Due to the delicate nature of the case and the amount of sensitive information, much of the data in the so-called "Kundby case" (named after the village where the girl was arrested) has been withheld from the public. The court hearings are being held behind "double-locked" doors.
Last Friday, the Copenhagen Public Prosecutor's Office announced that the 16-year-old girl has been charged with an attempted terror attack for her plans to bomb the private Jewish school Carolineskolen in Copenhagen together with her own school, Sydskolen in Fårevejle. The girl was reportedly far along with her preparations to make a bomb. She was also planning a test explosion, which constituted solid grounds for terrorism charges. The trial will begin in April, and the 16-year-old is facing a minimum four-year sentence.
"This case says something about what we are fighting against: that the disease of jihadism and extremism is something that can affect anyone," Conservatives spokesman and renowned critic of radical Islam Naser Khader, who recently made headlines after confessing a female relative had sworn allegiance to Daesh (ISIS/ISIL), told Danish Radio. "A girl of Viking background, who did not live in a ghetto area, has been recruited to carry out an act of terrorism. This is all very serious," he added.

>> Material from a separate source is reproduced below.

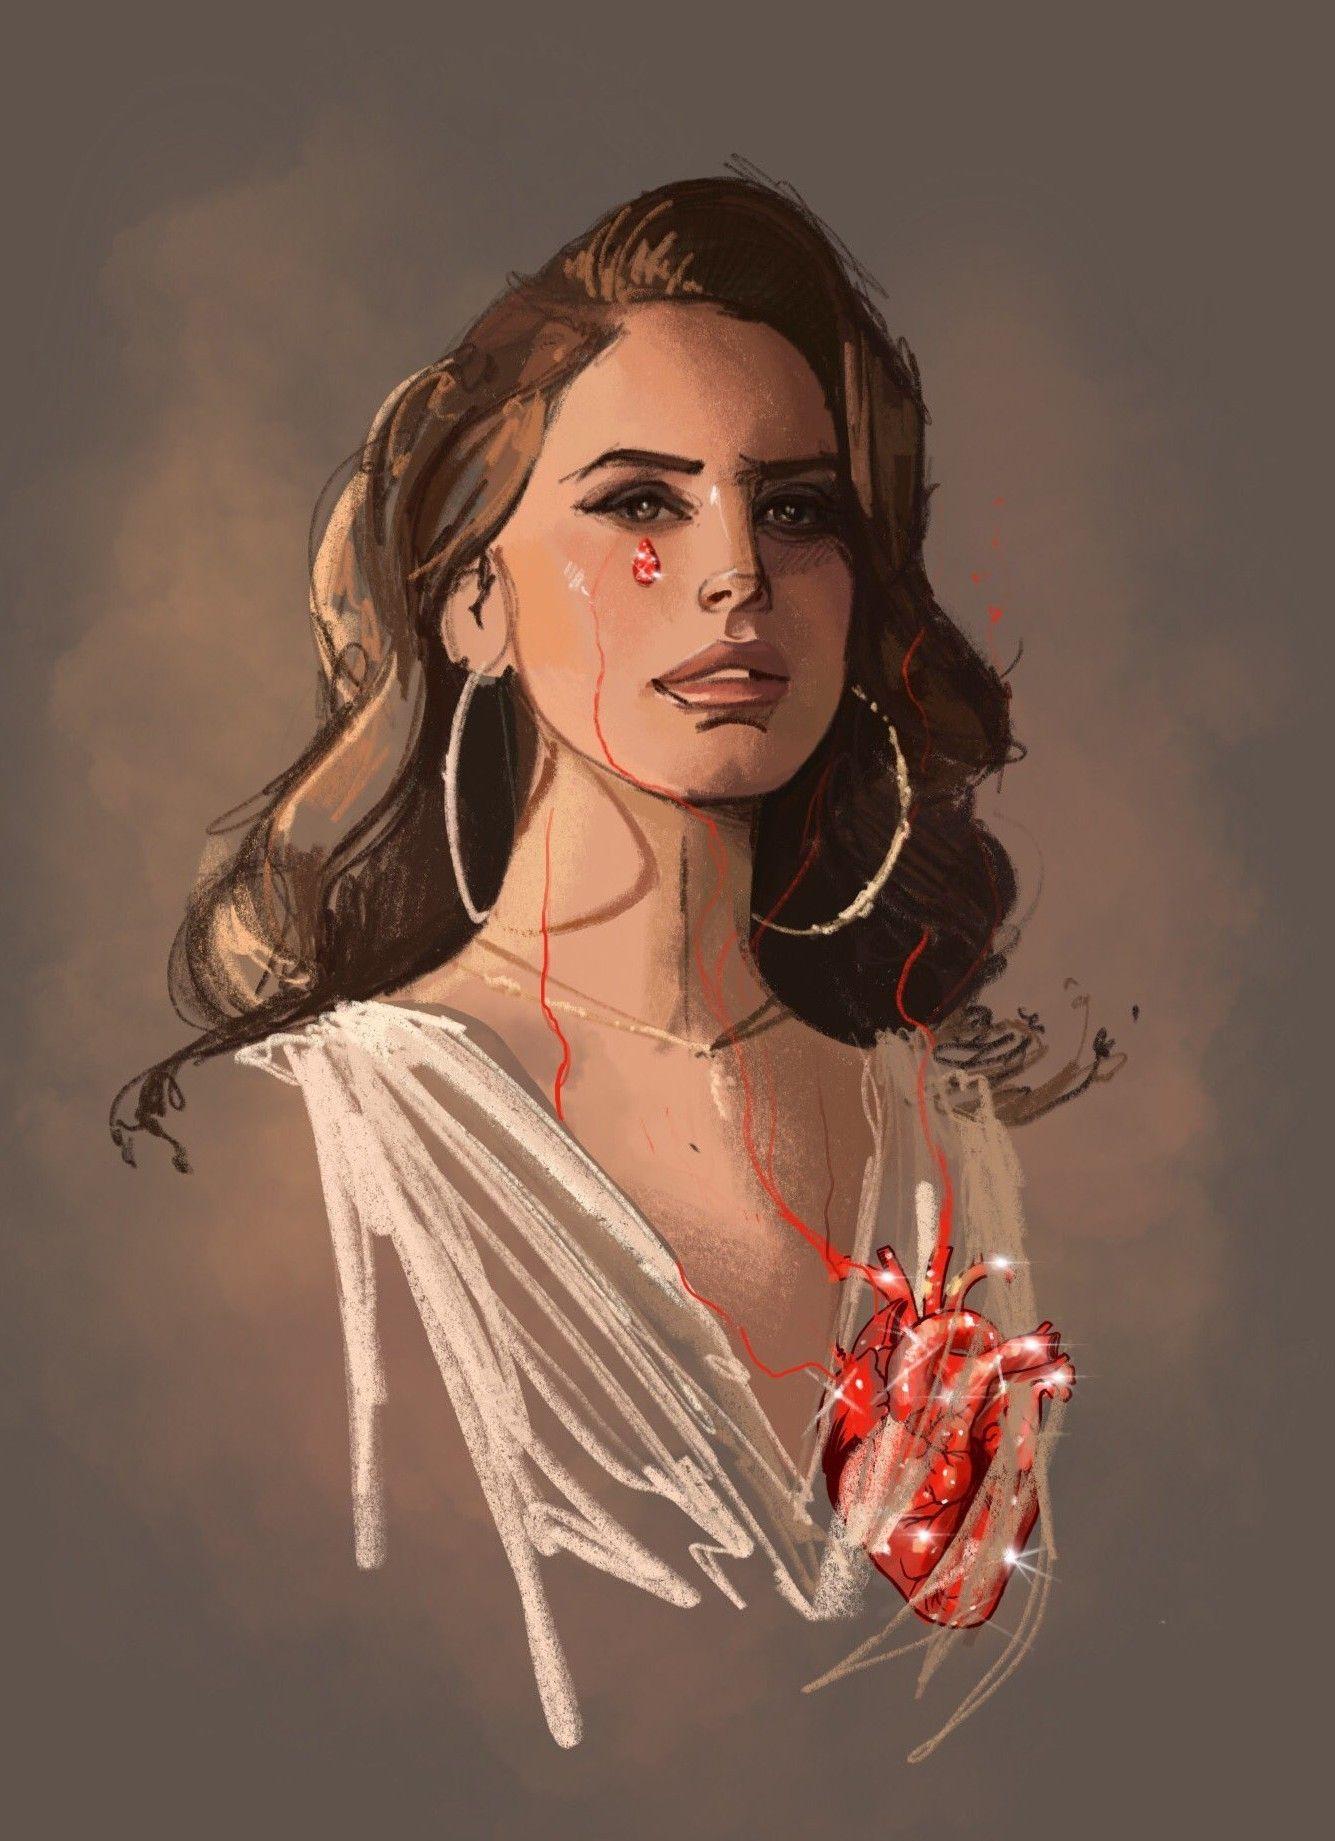 e5a535ff4ba3 Lana Del Rey #art by Fernando Monroy | Lana Del Rey in 2019 | Lana ...

The girl, who was only 15 at the time of her arrest, was described as a recent convert to Islam. One of her neighbors told the Danish tabloid newspaper BT that she aspired to convert fellow Danes to her newly-found religion as well.
According to Danish TV channel TV2, the girl's profile on the social media indicated that she was a member of a Facebook group for Danish supporters of Hizb ut-Tahrir, which is a radical Islamist organization openly supporting the establishment of a hardline caliphate. Previously, Hizb ut-Tahrir, which has been the focal point of many controversies, was banned from using municipal premises.
Carolineskolen is a private Jewish school in Copenhagen, where in addition to the usual curriculum, students also receive instruction in Hebrew. The school was founded in 1802 and claims to be one of the oldest functioning Jewish schools in the world. Previously, the school has repeatedly been targeted by anti-Semites, who smashed windows and sprayed its walls with ethnic slurs.